Department of Applied Biology and Chemical Technology, Lo Ka Chung Research Centre for Natural Anti-Cancer Drug Development and State Key Laboratory of Chemical Biology and Drug Discovery, The Hong Kong Polytechnic University, Hung Hom, Kowloon, Hong Kong, China.
Appl Microbiol Biotechnol. 2020 May;104(9):3921-3934. doi: 10.1007/s00253-020-10484-4. Epub 2020 Mar 6.
L-Arginine (L-Arg) depletion has attracted great attention in cancer therapy.
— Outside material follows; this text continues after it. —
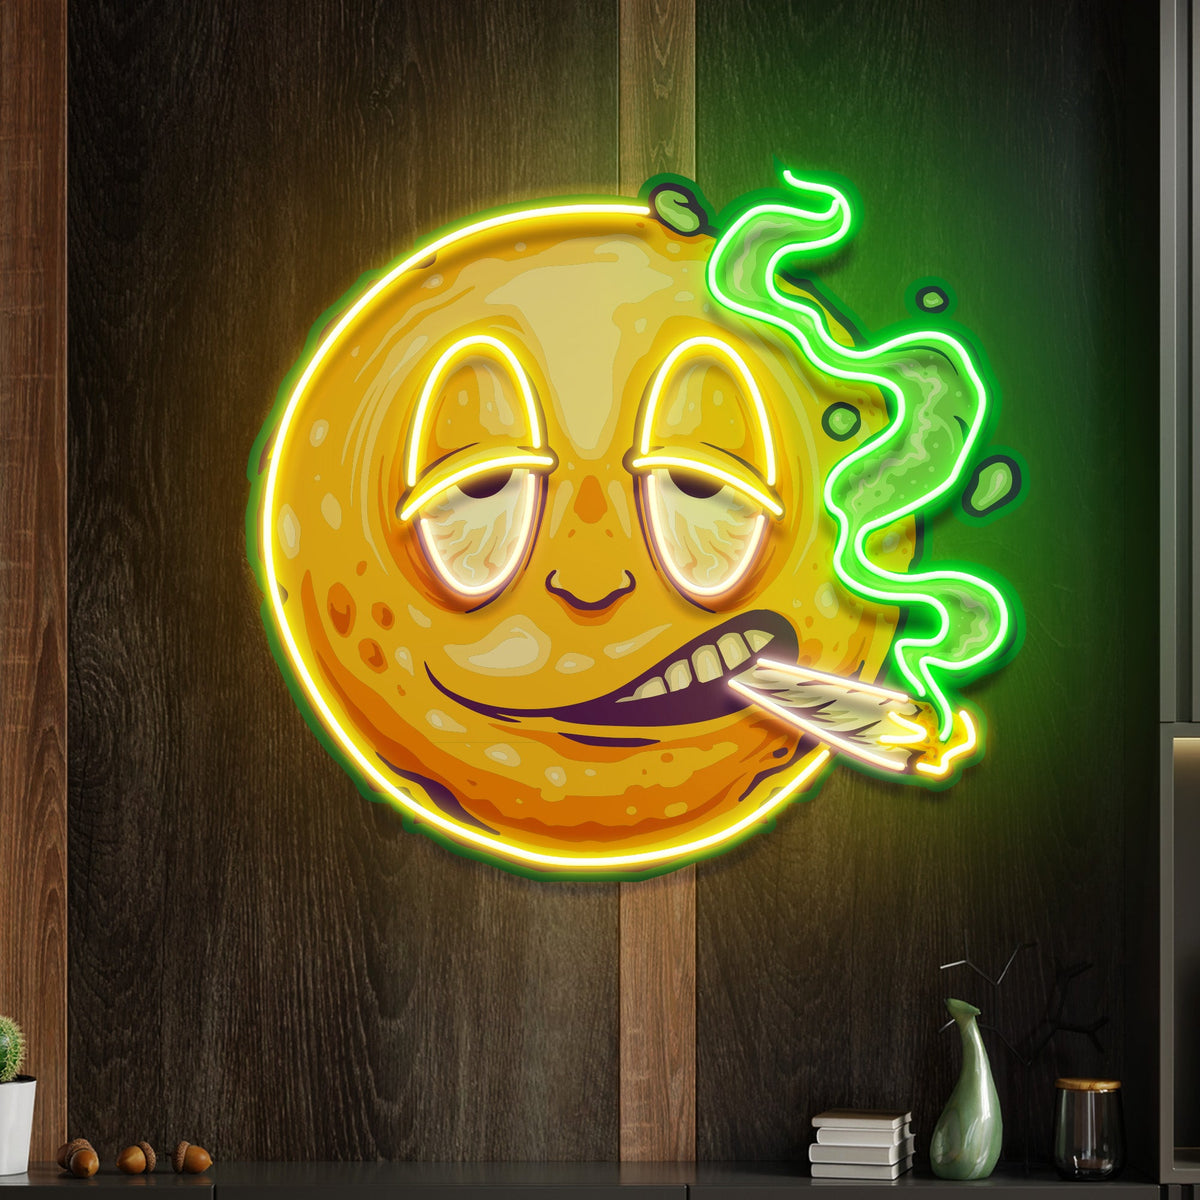 Custom Name Funny Smiley Face Artwork Led Neon Sign Light
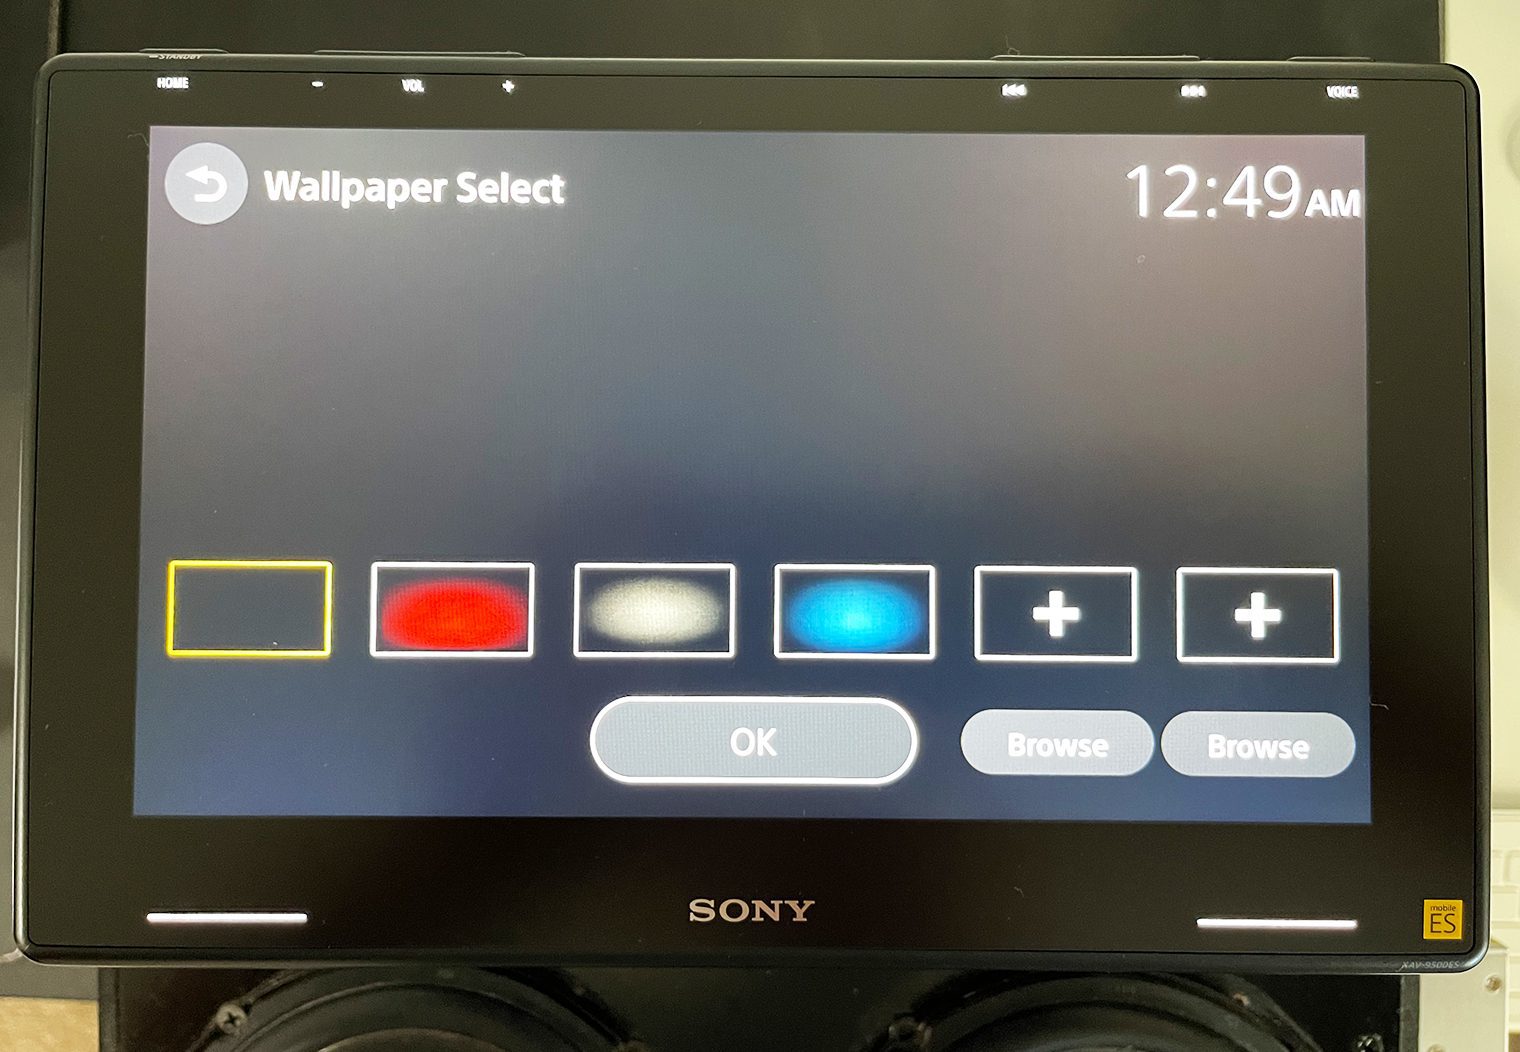 Sony XAV-9500ES wallpaper settings

Although two types of arginine-depleting enzymes, arginine deiminase (ADI) and human arginase I, are undergoing clinical trials, random site of PEGylation, low efficacy of heavy metal as co-factor, and immunogenicity limit the performance of these drugs and cause difficulty in a homogeneous production. Here we screened ten catalytic metal ions and have successfully produced a site-specific mono-PEGylated human arginase I mutant by conjugating the Cys residue to PEG-maleimide to minimize the decrease in activity and produce a homogeneous product. The catalytic efficiency trend of metal ion-enriched human arginase I mutant (HAI) was Co > Ni ≫ Mn. The overall k/K values of Co-HAI and Ni-HAI were higher than Mn-HAI by ~ 8.7- and ~ 5.2-folds, respectively. Moreover, the results of enzyme kinetics and circular dichroism spectrometry demonstrated that the 20 or 40 kDa linear and branched PEG attached on the HAI surface did not affect the enzyme activity and the protein secondary structures. In vitro studies showed that both Co-HAI-PEG20L and Ni-HAI-PEG20L inhibited the growth of eight types of cancer cell lines. The pharmacodynamic study in mice demonstrated that the i.p. administration of Co-HAI-PEG20L at 13 mg/kg and Ni-HAI-PEG20L at 15 mg/kg was able to maintain a L-Arg level below its detection limit for over 120 h after one injection. The body weights of mice could return to normal levels within 5 days after injection, showing that the doses were well-tolerated. Therefore, both the Ni-HAI-PEG20L and Co-HAI-PEG20L are promising candidates for cancer therapy. KEY POINTS: • Mono-PEGylation applied on human arginase I mutant (HAI) successfully. • The catalytic efficiency of Co- and Ni-enriched HAI was higher than the wild type. • At least eight types of cancer cell lines were inhibited by Co- and Ni-HAI-PEG20L. • Co- and Ni-HAI-PEG20L were able to achieve weekly depletion of L-Arg. Graphical abstract.
精氨酸(L-Arg)耗竭在癌症治疗中引起了广泛关注。虽然两种精氨酸耗竭酶,即精氨酸脱亚氨酶(ADI)和人精氨酸酶 I,正在进行临床试验,但随机的 PEG 化位点、重金属作为辅助因子的低效率和免疫原性限制了这些药物的性能,并导致均相生产困难。在这里,我们筛选了十种催化金属离子,并通过将半胱氨酸残基与 PEG-马来酰亚胺缀合,成功地生产了一种定点单 PEG 化的人精氨酸酶 I 突变体,从而最小化活性降低并产生均相产物。富含金属离子的人精氨酸酶 I 突变体(HAI)的催化效率趋势为 Co>Ni≫Mn。Co-HAI 和 Ni-HAI 的总体 k/K 值分别比 Mn-HAI 高约 8.7-和 5.2 倍。此外,酶动力学和圆二色性光谱的结果表明,20 或 40 kDa 的线性和支链 PEG 附着在 HAI 表面上不会影响酶活性和蛋白质二级结构。体外研究表明,Co-HAI-PEG20L 和 Ni-HAI-PEG20L 均抑制了八种类型的癌细胞系的生长。在小鼠中的药效学研究表明,Co-HAI-PEG20L 以 13 mg/kg 和 Ni-HAI-PEG20L 以 15 mg/kg 的剂量腹腔注射一次后,能够将 L-Arg 水平维持在检测限以下超过 120 小时。注射后 5 天内,小鼠体重可恢复正常水平,表明这些剂量可耐受。因此,Ni-HAI-PEG20L 和 Co-HAI-PEG20L 都是很有前途的癌症治疗候选药物。关键点:• 成功应用于人精氨酸酶 I 突变体(HAI)的单 PEG 化。• Co 和 Ni 富集的 HAI 的催化效率高于野生型。• Co 和 Ni-HAI-PEG20L 抑制至少八种类型的癌细胞系。• Co 和 Ni-HAI-PEG20L 能够实现每周 L-Arg 的耗竭。